── Source data ──

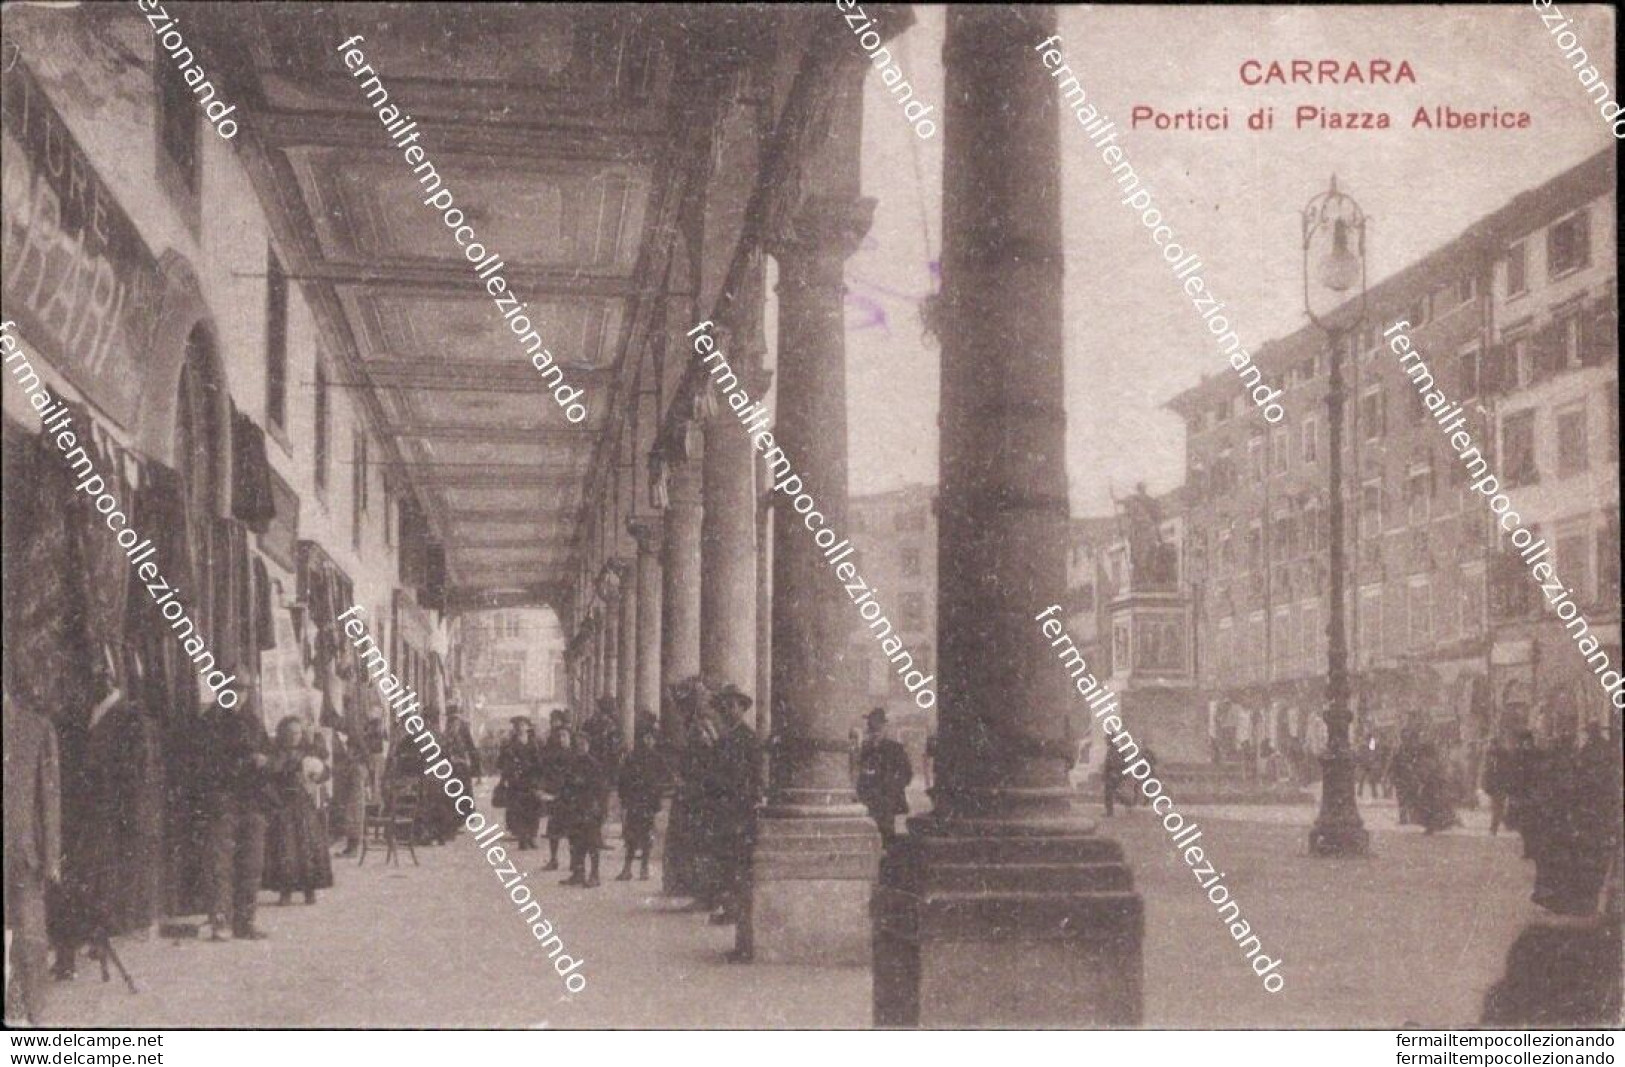 Am779 Cartolina Carrara Portici Di Piazza Alberica Toscana - Massa
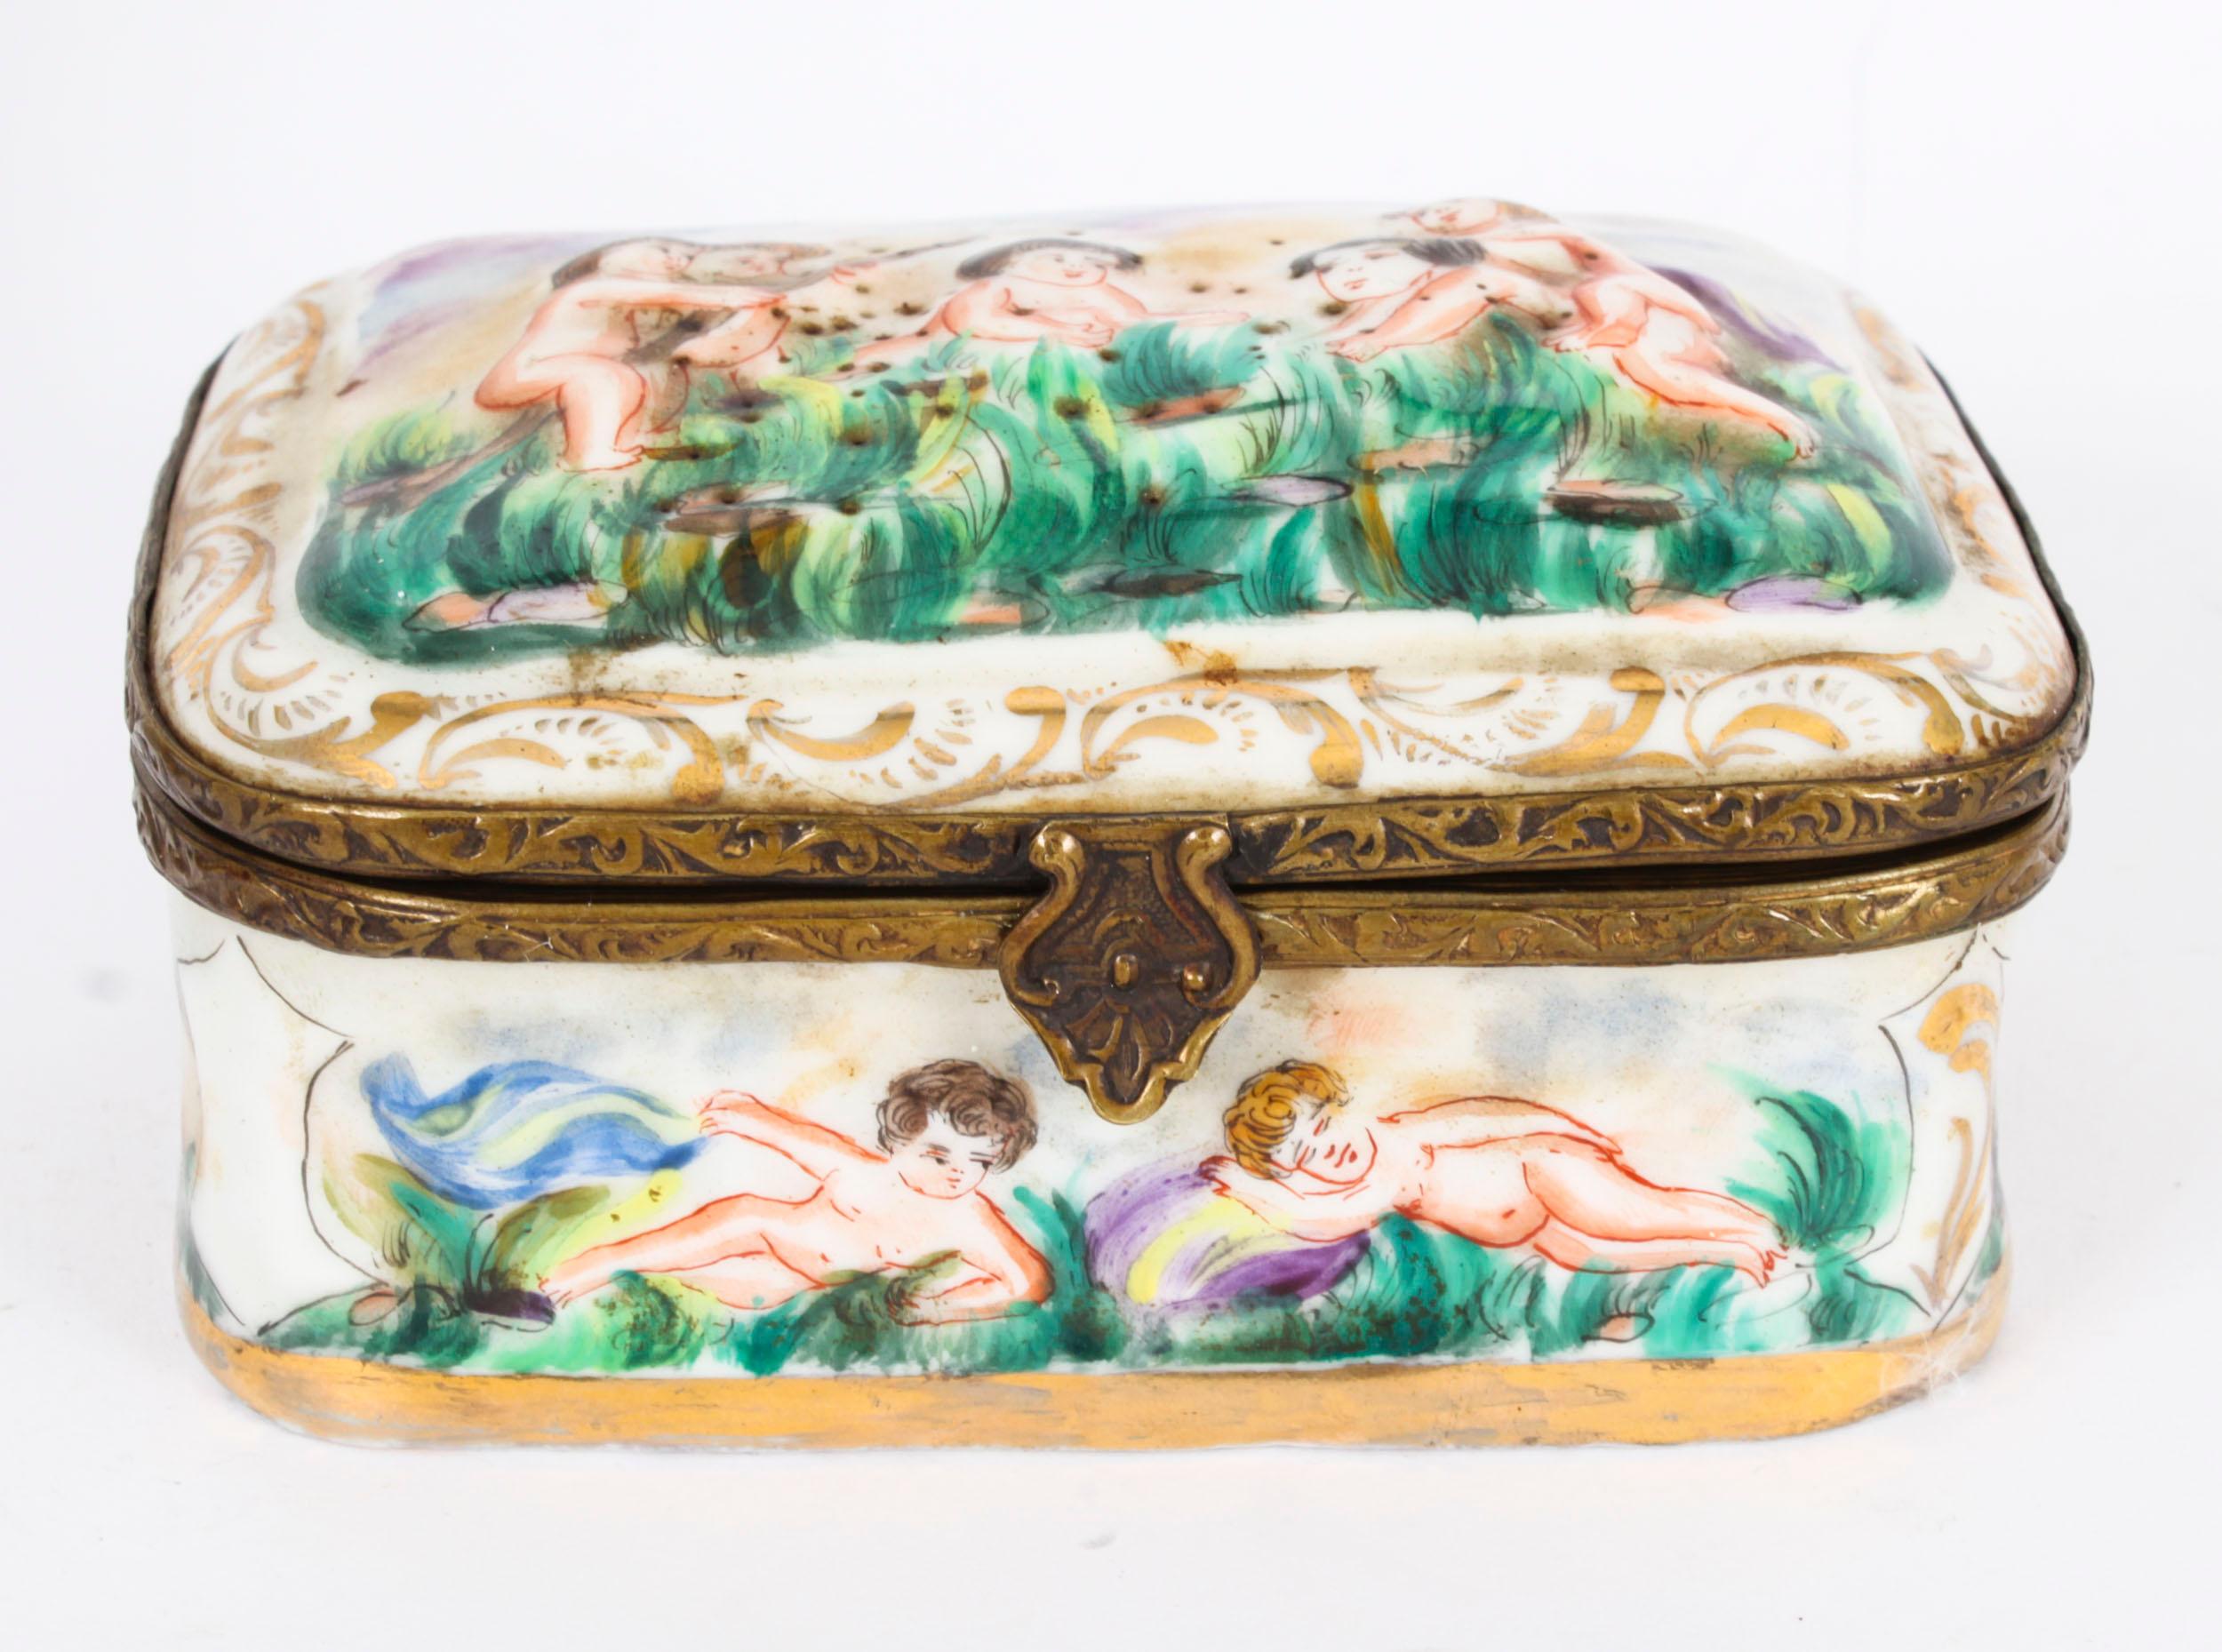 Voici une belle porcelaine italienne ancienne de Capodimonte.  cercueil, datant de la fin du 19e siècle.

La boîte et le couvercle sont superbement décorés en relief de scènes classiques, et le couvercle et la base sont ornés de montures décoratives
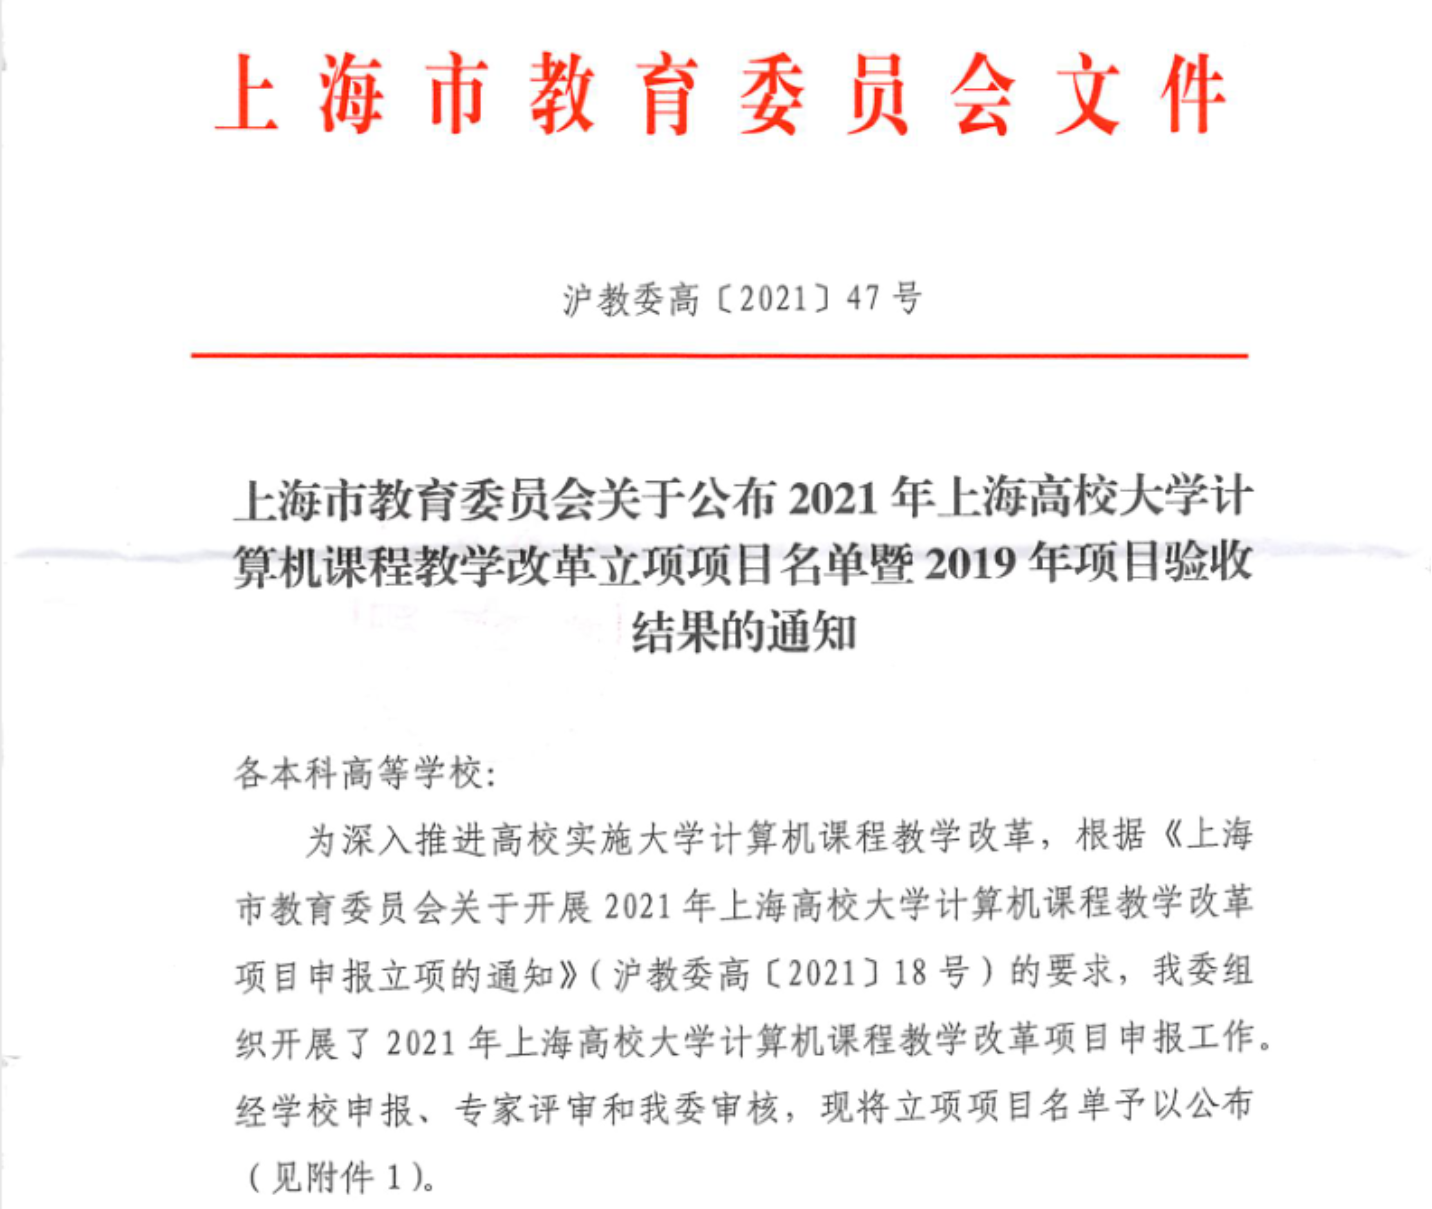 图为《上海市教育委员会关于公布2021年上海高校大学计算机课程教学改革立项项目名单的通知》

───

- Problem to work on
Output the data exactly as it is, with the pictures dropped.

- Worked solution
 Am779 Cartolina Carrara Portici Di Piazza Alberica Toscana - Massa
 Voici une belle porcelaine italienne ancienne de Capodimonte.  cercueil, datant de la fin du 19e siècle.

La boîte et le couvercle sont superbement décorés en relief de scènes classiques, et le couvercle et la base sont ornés de montures décoratives
 图为《上海市教育委员会关于公布2021年上海高校大学计算机课程教学改革立项项目名单的通知》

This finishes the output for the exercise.